La venta de ropa profundiza su crisis: el sector acumula dos años de caída y perdió 7% en el último bimestre
| El sector indumentaria atraviesa una crisis prolongada: las ventas cayeron un 7% interanual en el...
El sector indumentaria atraviesa una crisis prolongada: las ventas cayeron un 7% interanual en el bimestre marzo-abril y ya encadenan dos años consecutivos de baja por la debilidad de la demanda. El escenario se agrava por la acumulación de stock y las mayores demoras en la cadena de pagos.

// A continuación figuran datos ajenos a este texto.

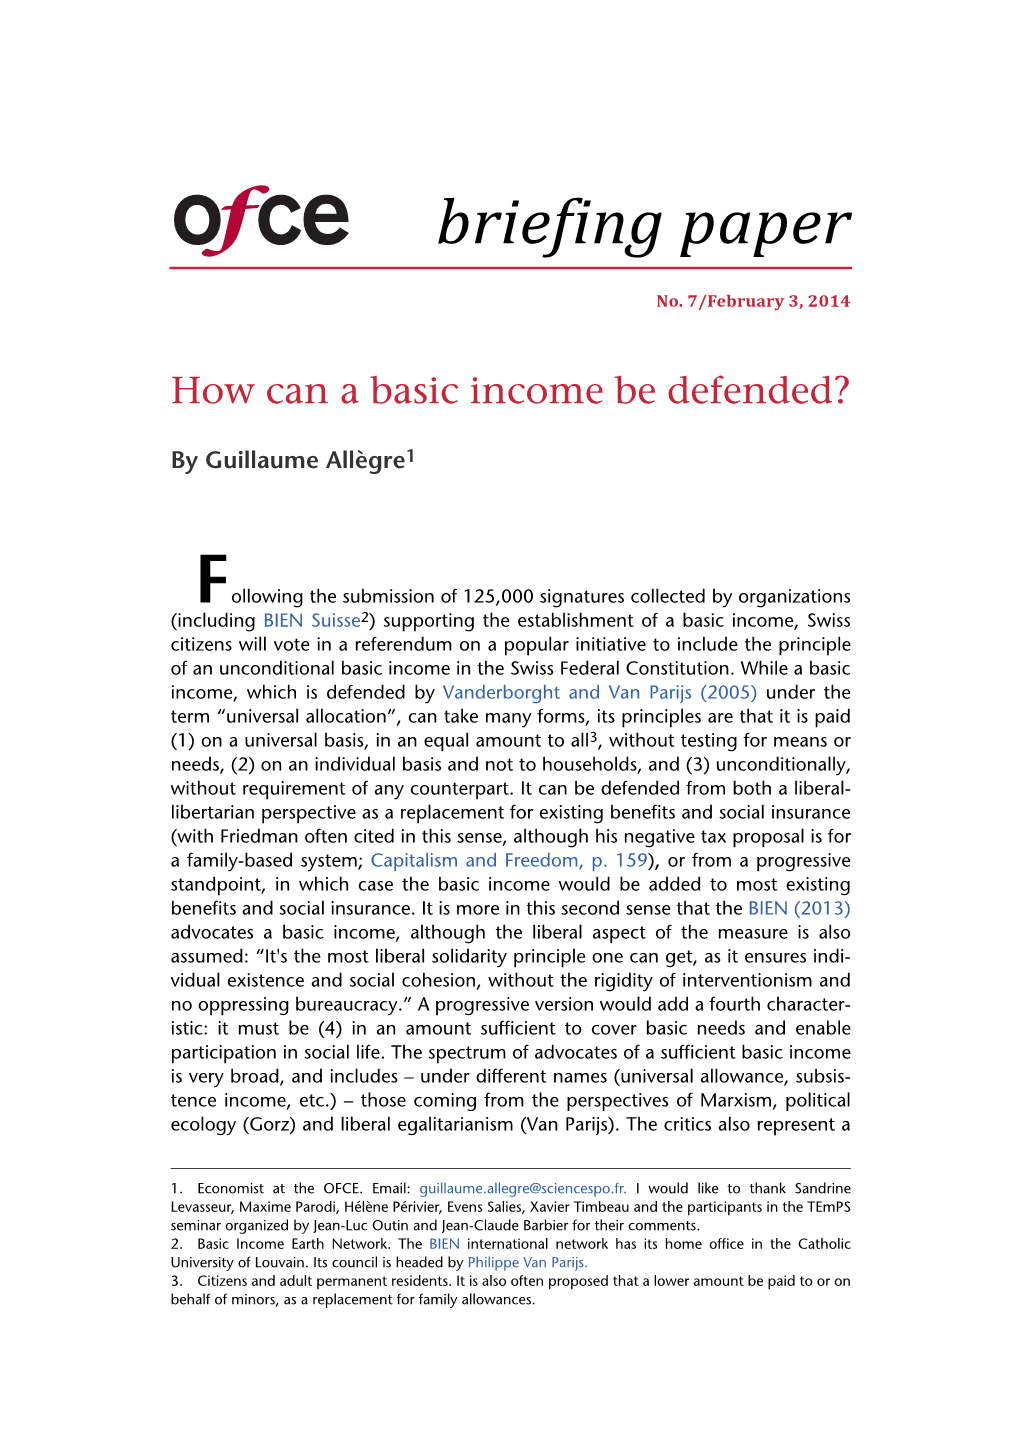 How Can a Basic Income Be Defended?

La delicada situación quedó reflejada en la más reciente encuesta de la Cámara Industrial Argentina de la Indumentaria (CIAI), que advirtió que la crisis se extiende desde hace más de dos años. De los últimos 14 bimestres relevados, 13 arrojaron resultados negativos y el sector suma actualmente seis períodos seguidos en baja.
Según el informe, el 59% de las empresas sufrió una baja en sus ventas, frente a solo un 35% que logró aumentos. La entidad remarcó que, aunque se observa una leve mejora respecto del bimestre anterior, el panorama sigue siendo crítico.
La demanda se desploma y presiona sobre la rentabilidad
Entre los empresarios del rubro, la evaluación mayoritaria apunta a un mismo problema. El 81% de las compañías consultadas ubicó a la baja de la demanda como su principal dificultad, muy por encima de otros condicionantes como la suba de los costos o el escaso acceso al financiamiento.
La fragilidad del consumo interno impacta de manera directa sobre los márgenes de rentabilidad. Con costos en aumento, la falta de ventas limita la posibilidad de ajustar los precios de las prendas.
En ese sentido, el informe indicó que 9 de cada 10 empresas no llega a trasladar la mitad del aumento de los costos salariales a los precios. Además, la mitad de las firmas relevadas reconoció que no pudo aplicar ningún traslado de esa suba, mientras que apenas el 9% consiguió incorporar a los precios más de la mitad de los incrementos durante el último bimestre.
Más stock, más problemas en la cadena de pagos
La caída del consumo derivó en un fuerte aumento de las prendas sin vender durante el segundo semestre de 2026. En apenas un año, la proporción de empresas que declararon contar con stock excesivo pasó del 24% al 52%.
En un escenario de depósitos cargados y menor nivel de ventas, el relevamiento mostró que la cadena de pagos empezó a evidenciar un deterioro marcado: las demoras frecuentes en los cobros crecieron 15 puntos porcentuales y llegaron al 29% de las respuestas.
Ajuste en el empleo y expectativas estancadas
En este marco, el empleo sigue siendo una de las variables alcanzadas por el ajuste. La mayor parte de las empresas continúa achicando su plantilla, sobre todo mediante renuncias que no se cubren con nuevos ingresos, que representan el 30% de las medidas, y despidos directos, con el 20%.
De cara a los próximos meses, la actividad no anticipa una recuperación inmediata. El 54% de los consultados definió sus expectativas económicas como regulares, mientras que el 34% prevé un panorama malo o muy malo y apenas el 13% expresó una visión favorable.
Para el corto plazo, el 61% de las firmas relevadas estima que sus ventas se mantendrán sin cambios durante los próximos tres meses, lo que confirma un cuadro de estancamiento en niveles históricamente bajos para el sector. Solo el 18% espera una mejora, mientras que el 21% proyecta un empeoramiento.